Командир Бомбардировщика (СИ) - Отвагин Яр
Никуда мы не шагнём.
Я держу стопы на месте, и вес уходит обратно влево, и руки помощников не отпустили меня ни на секунду за всё это время.
— Садимся.
Меня сажают. Ногу поднимают и укладывают, и я сижу, дышу и слушаю, что там внутри делается.
Внутри тянет и постепенно отпускает.
Считаю честно, как вчера.
Отдал правой часть веса и вернул обратно. Стопы обе стояли. Больше вчерашнего нога взяла.
И всё.
Не шагнул. Не прошёл ни полметра. Не стоял на ней одной. Не проверял, сколько она продержится, потому что мне этого не дали проверять и правильно сделали. И как я буду давить ею на педаль много часов подряд, никто на свете сегодня не знает, и меньше всех знаю я.
— Ну? — говорит Лида.
— Вес взяла.
— Взяла, — соглашается она. — Часть. Один раз. На несколько секунд. Дальше не додумывайте.
— Не додумываю.
— Додумываете. У вас это на лице написано крупными буквами.

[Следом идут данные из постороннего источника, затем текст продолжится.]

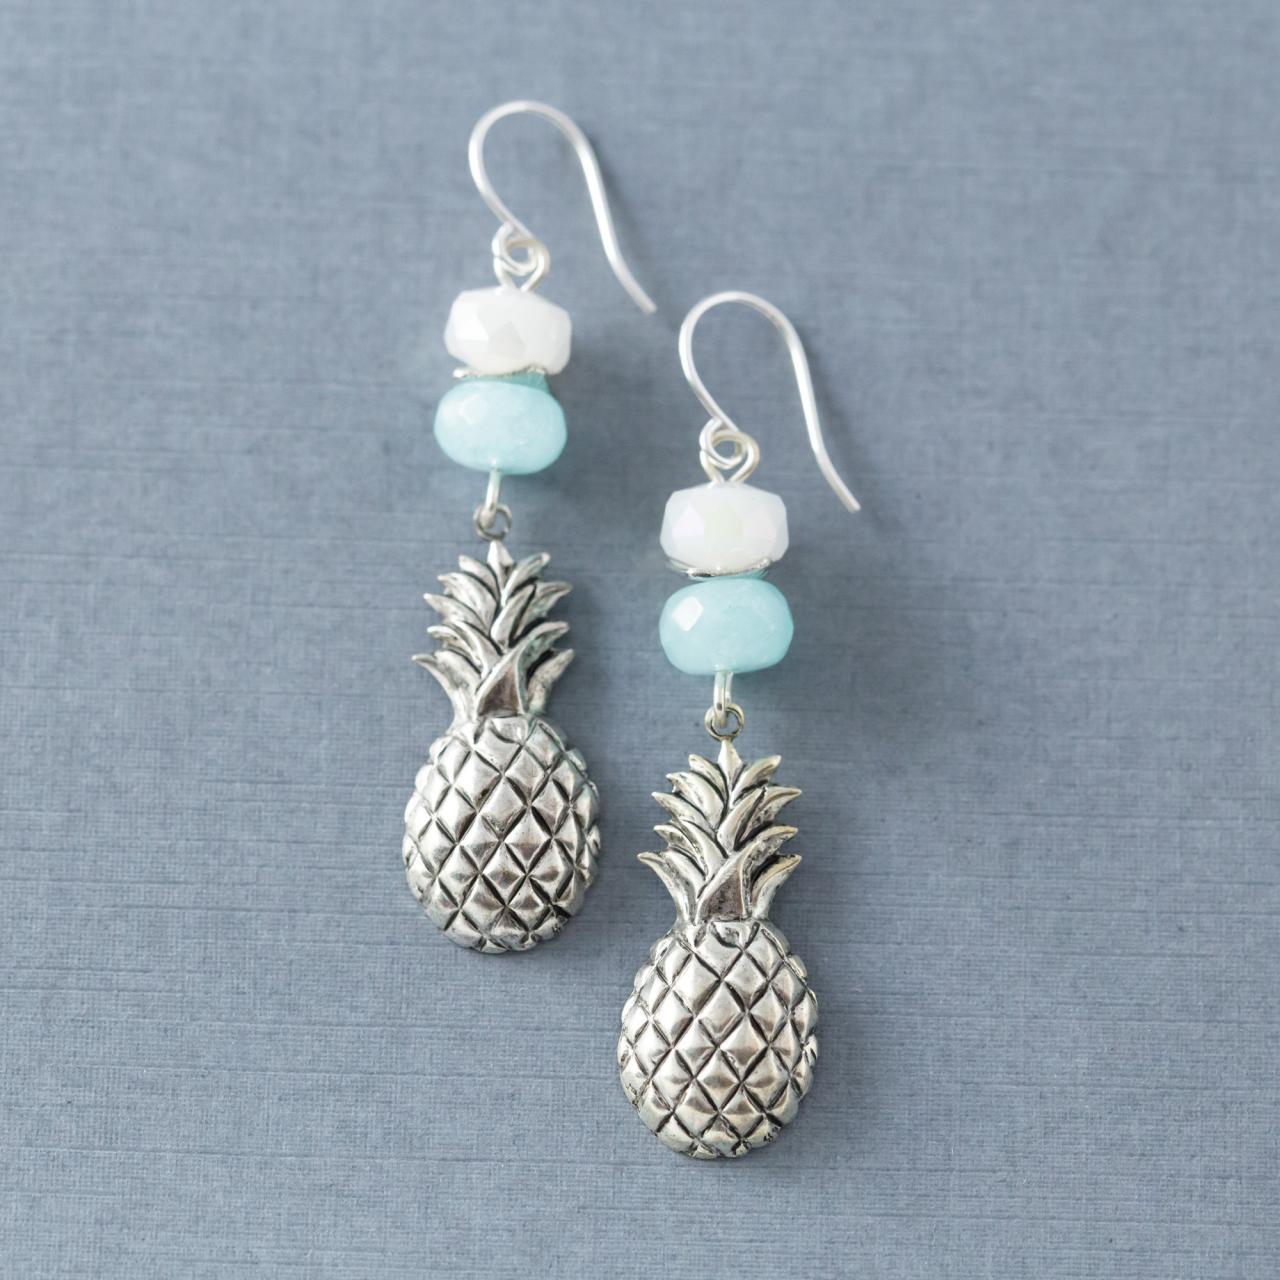 Silver Tone Pineapple Earrings With Blue Amazonite And White Faceted Glass Beads, Southern Jewelry, Fruit Jewelry

Она собирается и уходит по дороге, и двое идут за ней, и я остаюсь сидеть там же, где сидел, потому что своим ходом я отсюда никуда не денусь.
Меня сюда привезли. Меня отсюда увезут.
Дорога от сарая до машины по-прежнему чужая, и я по ней своими ногами не ходил ни разу.
К мотору возвращается тихая часть дня.
Плешаков берёт тряпку, потом бросает её и берёт другую, чистую, и начинает протирать что-то у себя в руках.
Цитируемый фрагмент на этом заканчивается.